Solving problems arising in the processes of developing social institutions invariably remains the main objective of social policy. The situation was different in interwar Poland, which surely witnessed many problems in the domain of social life sensu largo. Some of the important social issues that Polish social policy had to tackle at the beginning of the state’s sovereignty included: poverty, lack of work, failures to observe employees’ rights, inadequate old age and life risks security, lack of common access to health care, housing problems, family existential problems, the problem of children deprived of care or the situation of working women. Although the period of twenty years between the world wars proved to be decisively too short a time to tackle these issues, it is worthwhile to have a closer look at the concepts, methods and effects of the actions undertaken with the aim of solving social problems in Poland.

The provision of some insights into the social policy of interwar Poland is even more necessary because of there being de facto no relevant research or scientific publications in the Polish post-war literature. Admittedly, over time the problems encountered by the working class came to the fore in the research agenda, related monographs published covered discussion of selected issues of ←9 | 10→the state’s actions in the social domain (childcare, economic migration, organisation of the healthcare system), and contemporarily, the focus is on family issues, but no extensive account of social policy viewed as an entire system of actions undertaken in interwar Poland has ever been proposed, either by historians or by social politicians. The only studies presenting a holistic account of the social policy of the interwar period go back to interwar Poland itself and they were published upon the initiative of the social welfare public administration.

The clear lack of any systematic account of Polish social policy in the interwar period constituted the most significant factor and justification for the undertaking of holistic research into the social policy issues of interwar Poland in the first decade of the twenty-first century. This publication is an abbreviated and modified version of a monograph published in 2013 under the title Polityka społeczna Drugiej Rzeczypospolitej. Uwarunkowania – instytucje – działania.4 It is updated with the latest research findings and it focuses on Polish social policy, its contextual (historical, organisational, conceptual and financial) conditions, the institutions it fitted in, and primarily on the practical activities undertaken by the state and other entities with regard to its individual domains.
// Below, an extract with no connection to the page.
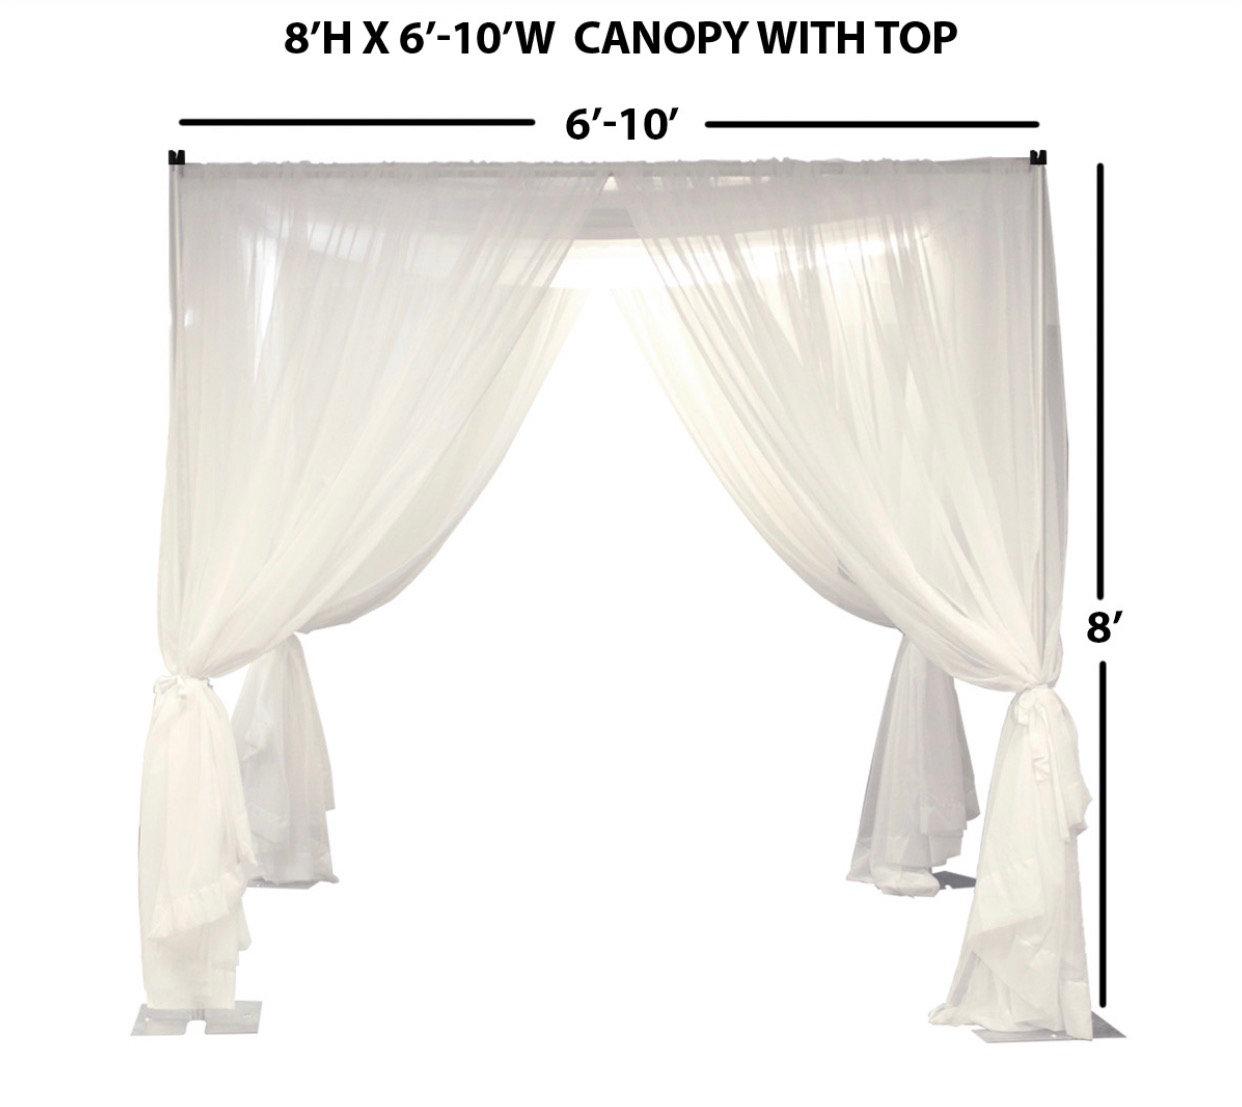 Canopy rental and Setup

The time span covered by the analysis is the period of 1918–1939. The subject matter scope of the research is based on the ways in which social policy in the interwar period was conceptualised. It covers labour and employment issues (labour legislation, combating unemployment and controlling migration policy), social insurance (retirement pension, work injury and sickness insurance), social welfare (support for the poor, welfare for mothers, children, adults and the disabled, problems of social pathologies) and the healthcare system.
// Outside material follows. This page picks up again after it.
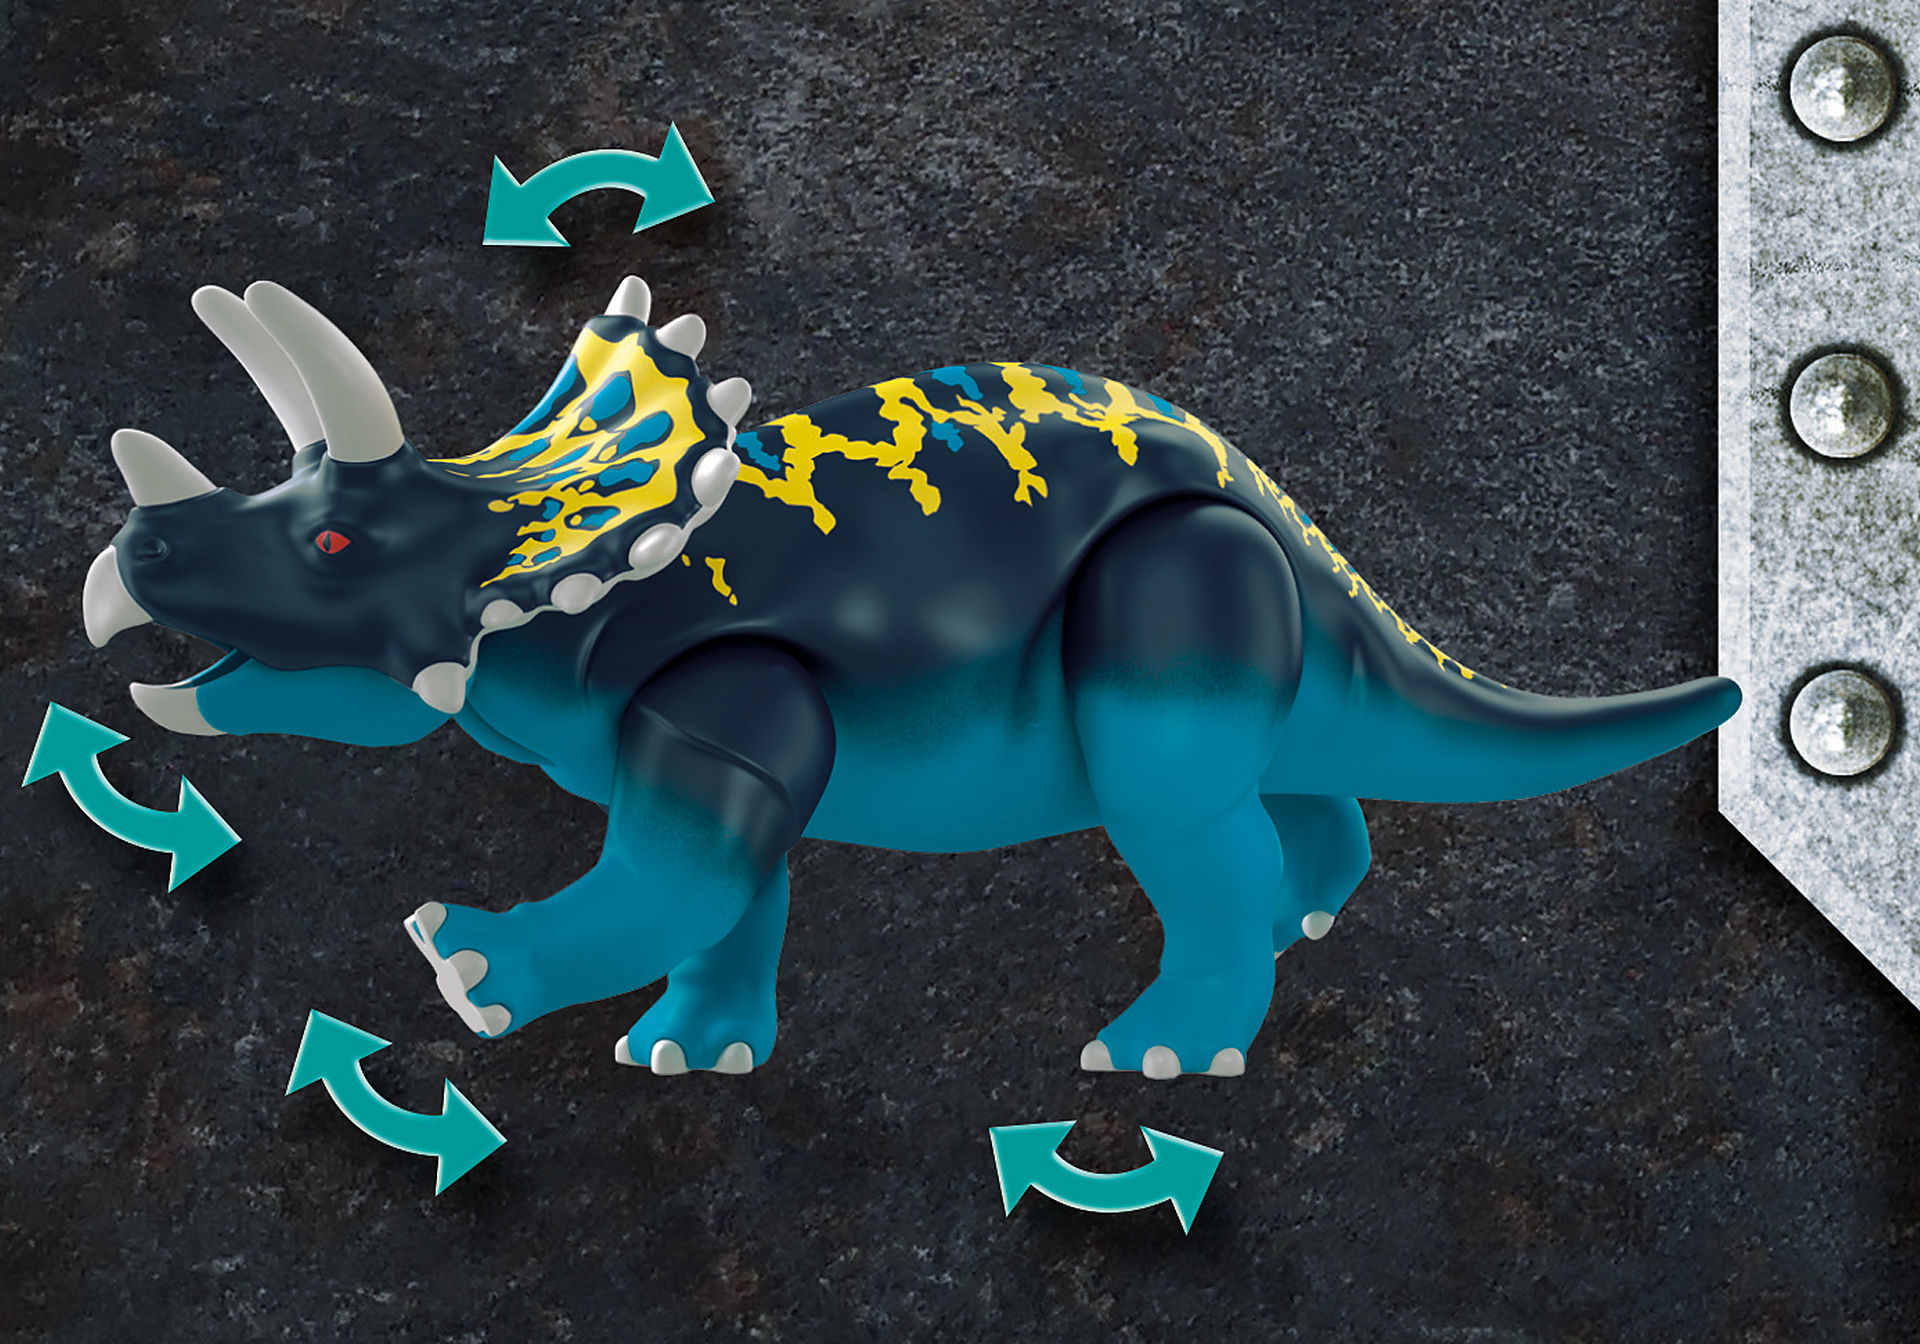 70627 Triceraptos: Disturbios por las piedras legendarias zoom image4

The basic research question posed in the context of the abovementioned problems is an attempt to identify the objectives and priorities of Polish social policy, the influence of the existing conditions on the achievement of these objectives and the results of actions undertaken. These were assessed both in the global perspective, covering the totality of the state’s interventions, addressing the social issues and in individual aspects of the social policy of interwar Poland. The quality and adequacy of the laws passed, the effectiveness and place of the institutions governing social policy and the effectiveness of social actions undertaken are the basic issues comprised in the subject matter scope of this work. To be more specific, it remained a priority for the author to answer the question about the effectiveness of the actions aimed at protection of employees, ←10 | 11→providing them with a security system against life risks, management of employment policy, administration of social welfare and a healthcare system.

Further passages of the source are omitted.